Aus sechs mach eins

Klänge von sechs Synthesizer-Legenden sind in Arturias jüngstem Produkt, der Analog Factory, enthalten. Man meint, solch eine geballte Leistung erfordert entweder Zugeständnisse in der Klanggestaltung oder sie müsste sündhaft teuer sein. Doch Wunder über Wunder: Analog Factory ist weder das eine noch das andere.

Von Georg Berger 

Würde es sich bei Analog Factory um eine Audio-CD handeln, träfe das Prädikat „Best of“ exakt. Denn ausgehend von den bekannten virtuellen Analog-Synthesizern der französischen Software-Schmiede Arturia ist nun eine Synthesizer-Workstation entstanden, die 2.000 analoge Klänge emuliert. Sie basiert auf den Produkten ARP 2600 V, Minimoog V, Moog Modular V, CS-80 V sowie Prophet V mit den beiden Nachbildungen des Sequential Circuits Prophet 5 und VS. Analog Factory ist jedoch kein schlichter Sample-Player sondern ein eigenständiges virtuelles Instrument. Wie bei den zuvor genannten Produkten kommt dabei auch die von Arturia entwickelte TAE-Technologie zum Einsatz, die als quasi eigene Software-Engine die Bausteine analoger Klangerzeuger emuliert. Über 20 Musiker und Sound-Designer – als prominenteste Vertreter seien Klaus Schulze und Geoff Downes (The Buggles, Yes, Asia) genannt – zeichnen für die Programmierung der einzelnen Presets verantwortlich. Werksklänge der Original-Synthesizer sind allerdings nicht enthalten. Wie die zuvor genannten Einzelprodukte ist auch die Analog Factory für knapp 200 Euro erhältlich.
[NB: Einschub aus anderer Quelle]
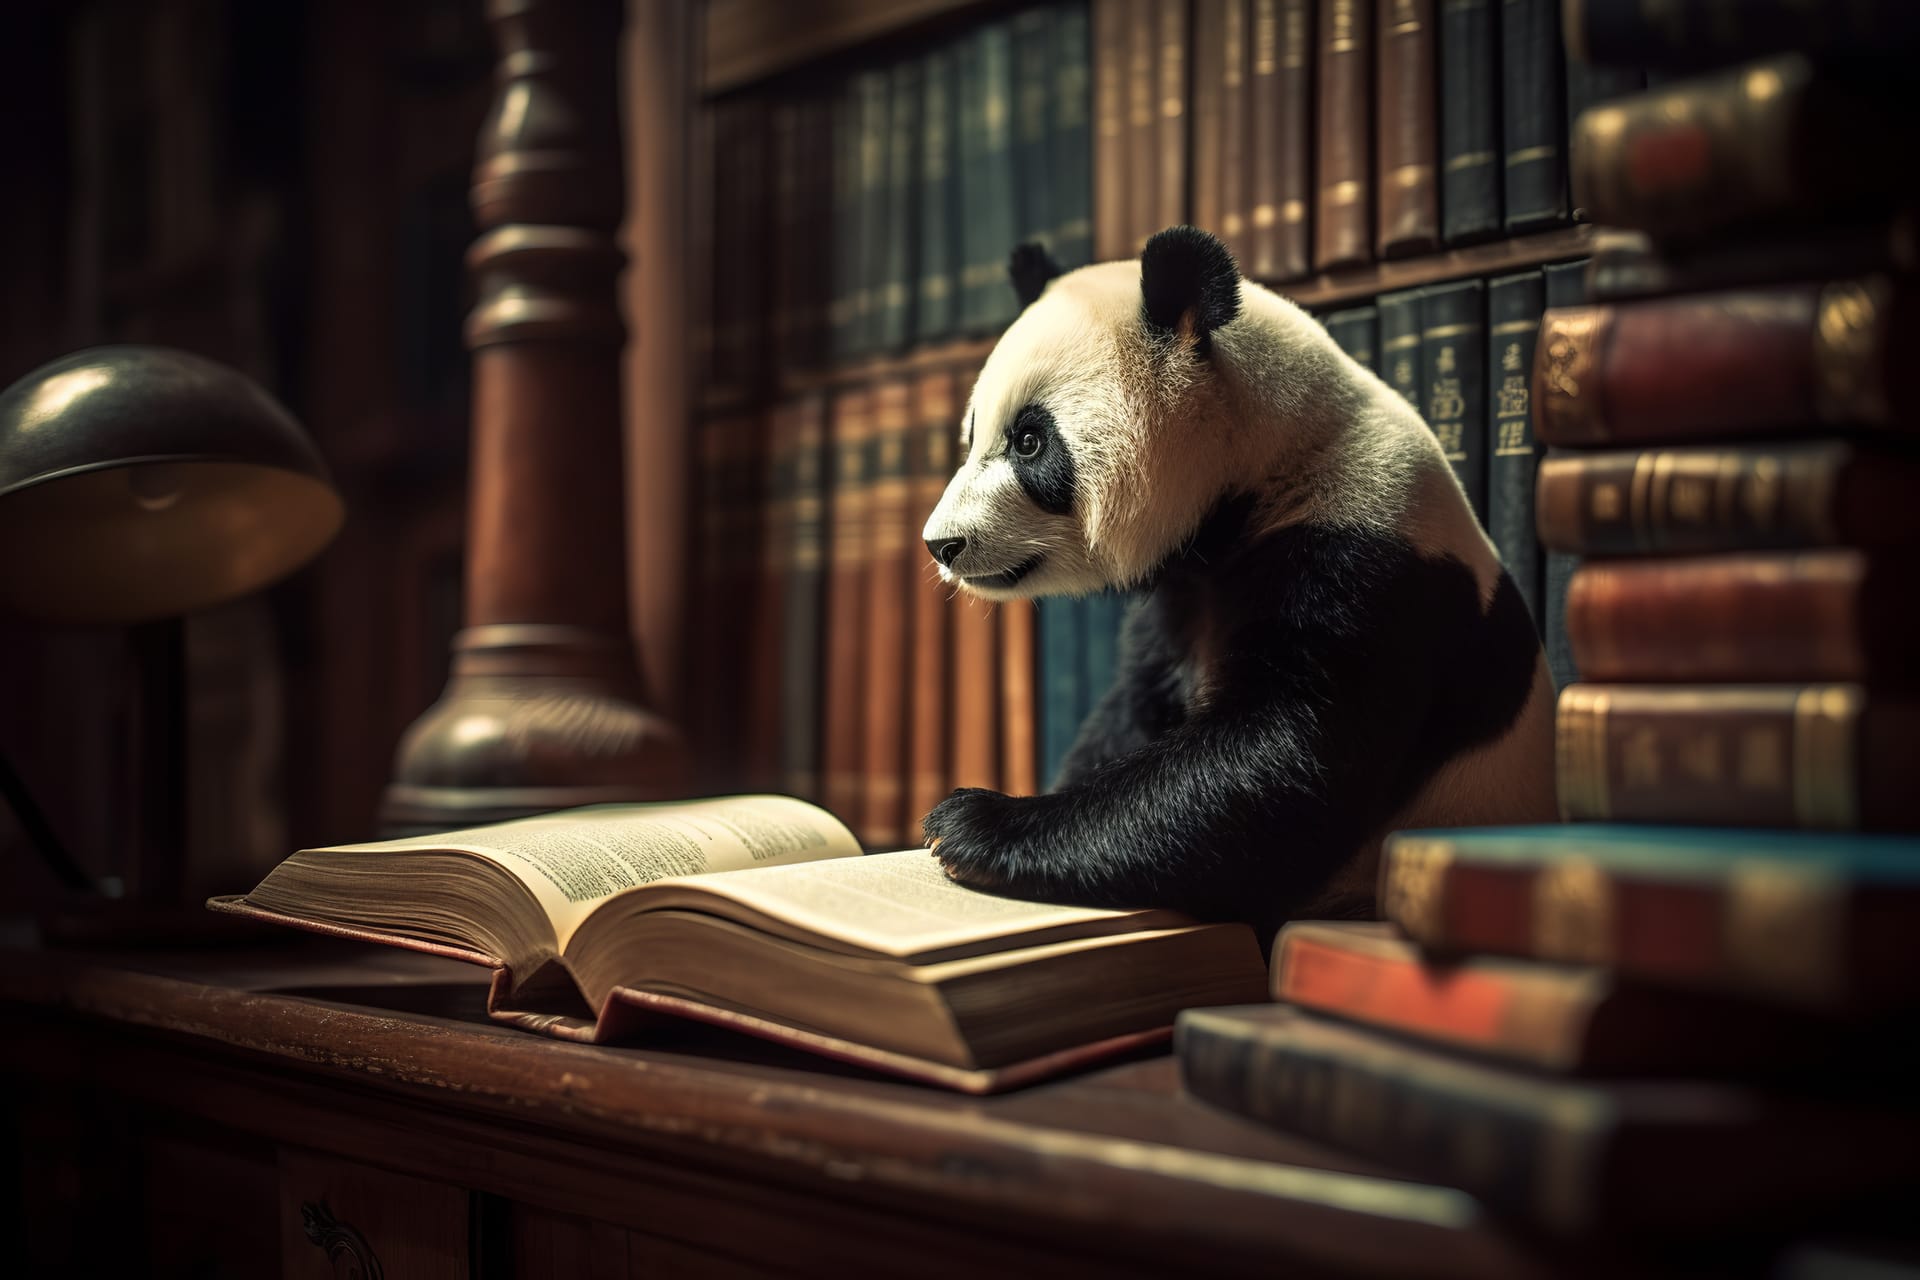 Panda seeking spiritual enlightenment through literature retreats guidance

Es liegt in der Natur einer Synthesizer-Workstation, dass die Möglichkeiten zur Veränderung der Klänge im Vergleich zu einem reinrassigen Klangerzeuger eingeschränkt sind. Der Hauptaspekt liegt im Abspielen der Presets. Das gilt auch für die Analog Factory, und so fallen die Eingriffsmöglichkeiten im Vergleich zu den erwähnten Einzelprodukten mit insgesamt lediglich 14 Reglern eher spartanisch aus. Dennoch lassen sich damit die Presets teils drastisch verändern und gewährleisten eine für diese Art von Klängen erwünschte Lebendigkeit. Standards wie das Einstellen von Filter-Eckfrequenz und -Resonanz sind  dabei nur die Spitze des Eisbergs.
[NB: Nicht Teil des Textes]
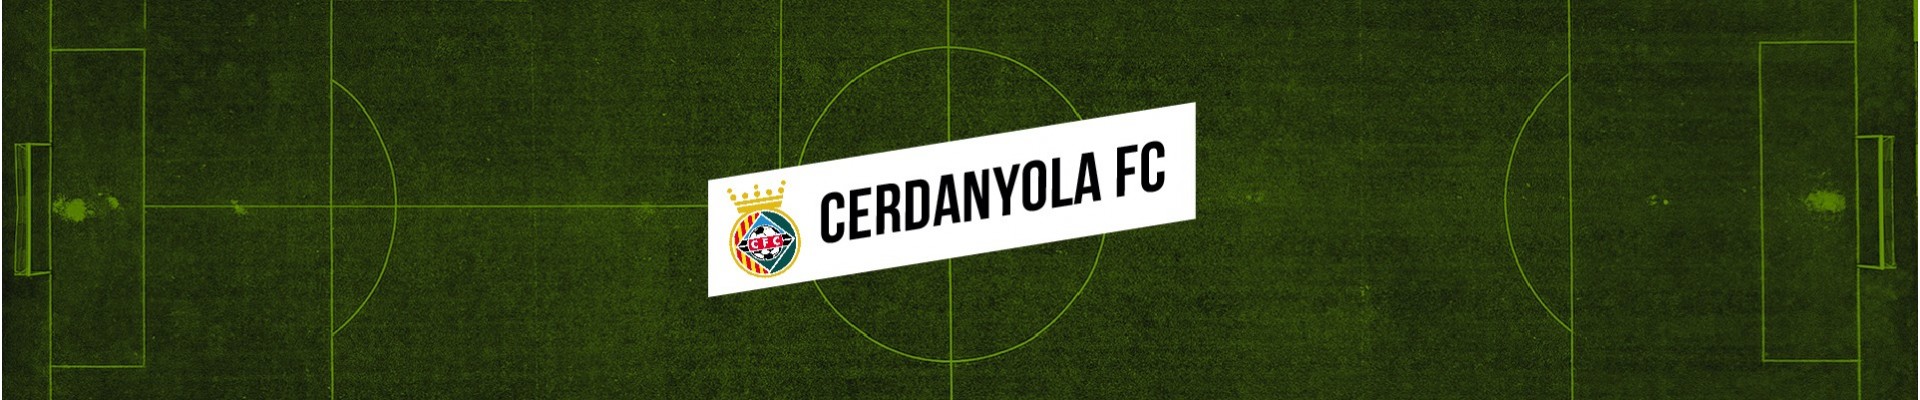 CERDANYOLA FC

Nach Installation und erstem Aufruf der Software zeigt sich, für Arturia typisch, die fotorealistische Darstellung eines Instrumentes mit zwei voneinander getrennten Sektionen. Im oberen Teil findet sich der Preset-Manager, der zur Auswahl, Suche und Sortierung der Klänge dient. Der untere Teil enthält ein Keyboard von zweieinhalb Oktaven mit dem obligatorischen Pitch-Bend- und Modulationsrad, sowie elf virtuellen Drehreglern, acht Tastern und vier Schiebereglern, die zur Veränderung eines geladenen Klangs dienen. Die Bedienoberfläche lässt sich, wiederum typisch, in einer nett anzuschauenden Animation – bei Bedarf abschaltbar – verändern, so dass entweder nur das Keyboard, oder der Preset-Manager oder beide Teile zusammen erscheinen.

Sämtliche Parameter der Keyboard-Sektion lassen sich über die Host-Automation eines Sequenzers fernsteuern. Darüber hinaus können den Reglern eigene MIDI-Controller-Nummern zugewiesen werden. Dies dürfte vor allem für diejenigen Klangtüftler interessant sein, die ihre Analog Factory stand-alone im Live-Einsatz betreiben und simultan beim Spiel in den Klang eingreifen wollen.

Die erste Anlaufstelle zum Betrieb von Analog Factory ist der Preset-Manager. Das dreigeteilte Fenster erlaubt nicht nur die Auswahl und das Laden der Sounds, sondern auch noch die intelligente Vorsortierung der Klänge nach unterschiedlichen Kriterien. Dies geschieht im linken Teil des Managers. Drei Kategorien – Instrument, Typ und Charakter – sind dort enthalten, die eine gezielte Auswahl von Presets ermöglichen. Es lassen sich additiv in jeder Kategorie mehrere Einträge auswählen, die das Ergebnis entsprechend beeinflussen.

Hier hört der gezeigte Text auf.